Ainda há muitos terrenos urbanizáveis na Área Metropolitana de Lisboa, e sobretudo, também, há muitas casas por reabilitar. Pode haver, nessa mesma medida, um apoio à reabilitação, porque também há senhorios pobres. E nós temos de entender isto. Há grandes investidores imobiliários. O apoio à reabilitação ou a negociação de investimentos, que depois se traduzam em percentagens de casas a custos controlados, em percentagens de casas disponíveis para habitação municipal... Isso é bom em muitas dimensões. Coisa diferente acharmos que resolvemos o problema da habitação impermeabilizando todos os terrenos e não protegendo o ambiente e a biodiversidade. Porque aí estamos a condenar-nos à morte. A todos: aos ricos e aos pobres.

Não há um equilíbrio?

Veremos se o clima concorda connosco. Olhemos para a Austrália, para aquilo que aconteceu na Alemanha, aquilo que está a acontecer na Amazónia. Almada está identificada como uma das frentes de entrada de furacões na Europa e na Península Ibérica. Por razões geográficas, temos visto, e tenho assistido, a tempestades cada vez mais violentas na zona ribeirinha. Quando acontecer uma tragédia, quando numa inundação, numa tempestade, desabarem casas, quando morrerem pessoas, vamos ver se o clima concorda connosco. É preciso tomar medidas urgentes, porque já vamos tarde. A ciência tanto tem a capacidade de nos salvar de uma pandemia, como tem a capacidade de nos mostrar que as alterações climáticas serão a grande causa de novos pobres, novos refugiados, de mortos e de fome no mundo.

Almada está identificada como uma das frentes de entrada de furacões na Europa e na Península Ibérica.

Como olha para a transferência de competências do Estado central para os municípios, por exemplo, na área da saúde?

Achamos que a saúde é demasiado importante para ser deixada à capacidade financeira de cada município, e que cabe ao Estado garantir uma igualdade de acesso a cuidados de saúde, embora reconhecendo as dificuldades que esse processo tem tido e a falta de investimento que tem havido, sobretudo em zonas populacionais muito densas, como é a margem sul. Há obviamente uma parte que pertence ao Estado, e que tem a ver com o Hospital Garcia de Orta, que está subdimensionado, foi feito para uma população que já foi ultrapassada em mais de 50 mil pessoas. Até a administração do hospital diz que precisa urgentemente de um grande projeto de requalificação. Que nós apoiamos.
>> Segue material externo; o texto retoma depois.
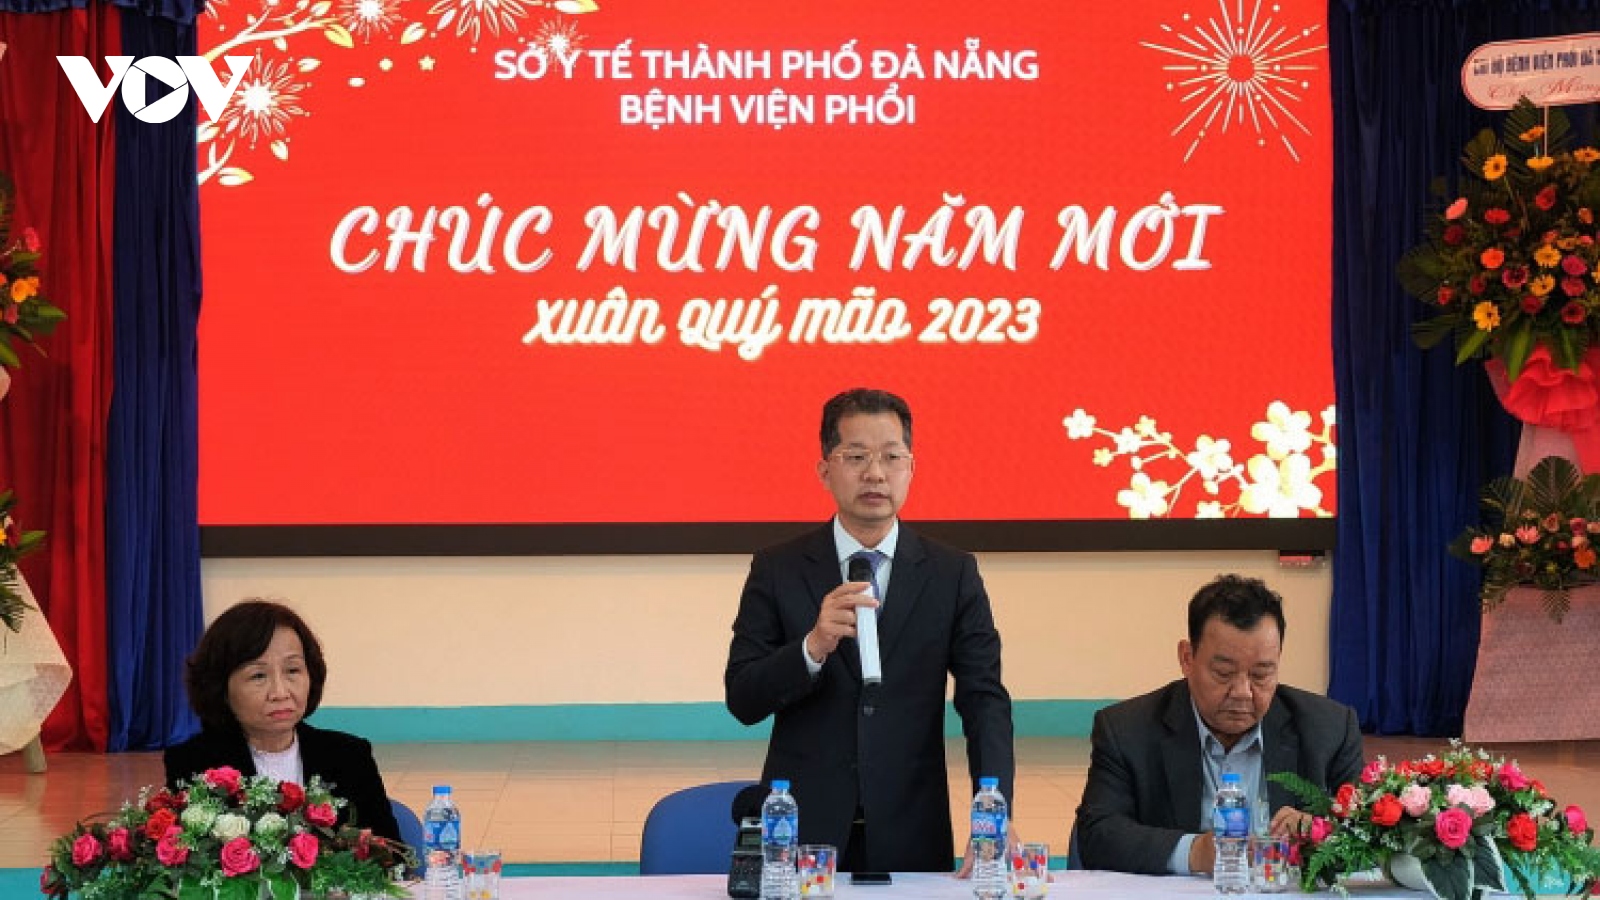 Xây dựng thành phố Đà Nẵng thành trung tâm y tế chất lượng cao

Aquele hospital é absolutamente essencial. Obviamente, o Hospital Garcia de Orta ultrapassa a capacidade de intervenção da câmara, mas a intervenção local, a intervenção preventiva, o contributo para abrir centros de saúde, ou reabrir centros de saúde que entretanto foram fechados. Recordo-me do centro de saúde da Trafaria. Uma população que vive isolada, que não tem muito acesso a transportes públicos. O centro de saúde foi fechado na altura do governo da troika, do PSD e do CDS, e aí a câmara tem um papel de ajuda ao financiamento. Mas não teve.

O que é que é preciso para haver uma cidade de duas margens? É haver qualidade de vida igual nas duas margens.
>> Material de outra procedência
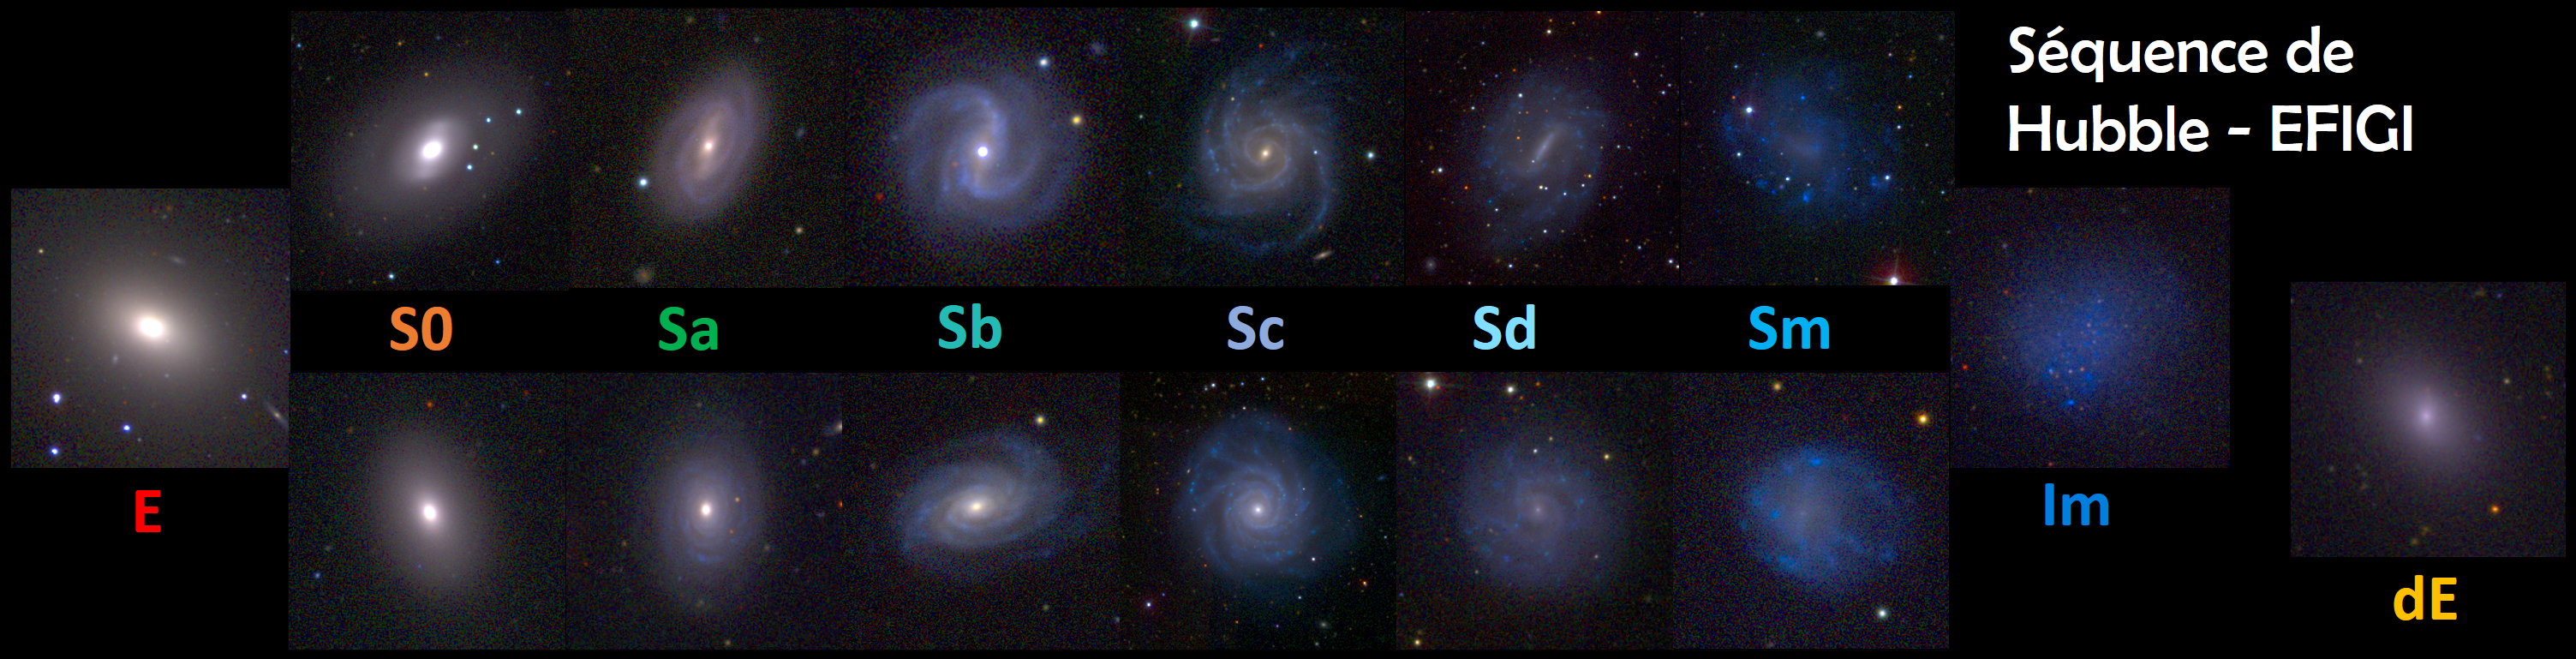 Figure 1 : La séquence de Hubble-de Vaucouleurs illustrée par les galaxies EFIGI

Almada sofre de algum excesso de proximidade com Lisboa?

Não acho que haja excesso de proximidade, acho que há falta de ligação. Muita gente tem dito, muitos partidos têm apresentado o projeto da cidade das duas margens, Lisboa e Almada teriam a capacidade de se fundir como uma cidade de duas margens. Não é um projeto que nos cause rejeição. O problema é que esse projeto não se traduziu em nada. O que é que é preciso para haver uma cidade de duas margens? É haver qualidade de vida igual nas duas margens. E isso não tem havido. Ou haver ligações suficientes. Almada tem uma identidade forte. E essa identidade não corre o risco de se perder, de se diluir. Portanto não devemos ter medo de nos abrir, tanto para os concelhos ribeiros da margem sul, como para Lisboa. Então, não se entende que esteja de costas voltadas para o rio. E está. Toda a zona ribeirinha tem barreiras de acesso ao rio. Ou por destruição ou por abandono. Depois temos de fazer uma coisa que é essencial numa cidade de duas margens, que é ter uma ligação permanente. Uma cidade de duas margens não pode fechar as portas às vinte para as duas da manhã ou às duas e dez da manhã, que é a hora do último barco, conforme o horário de verão ou inverno.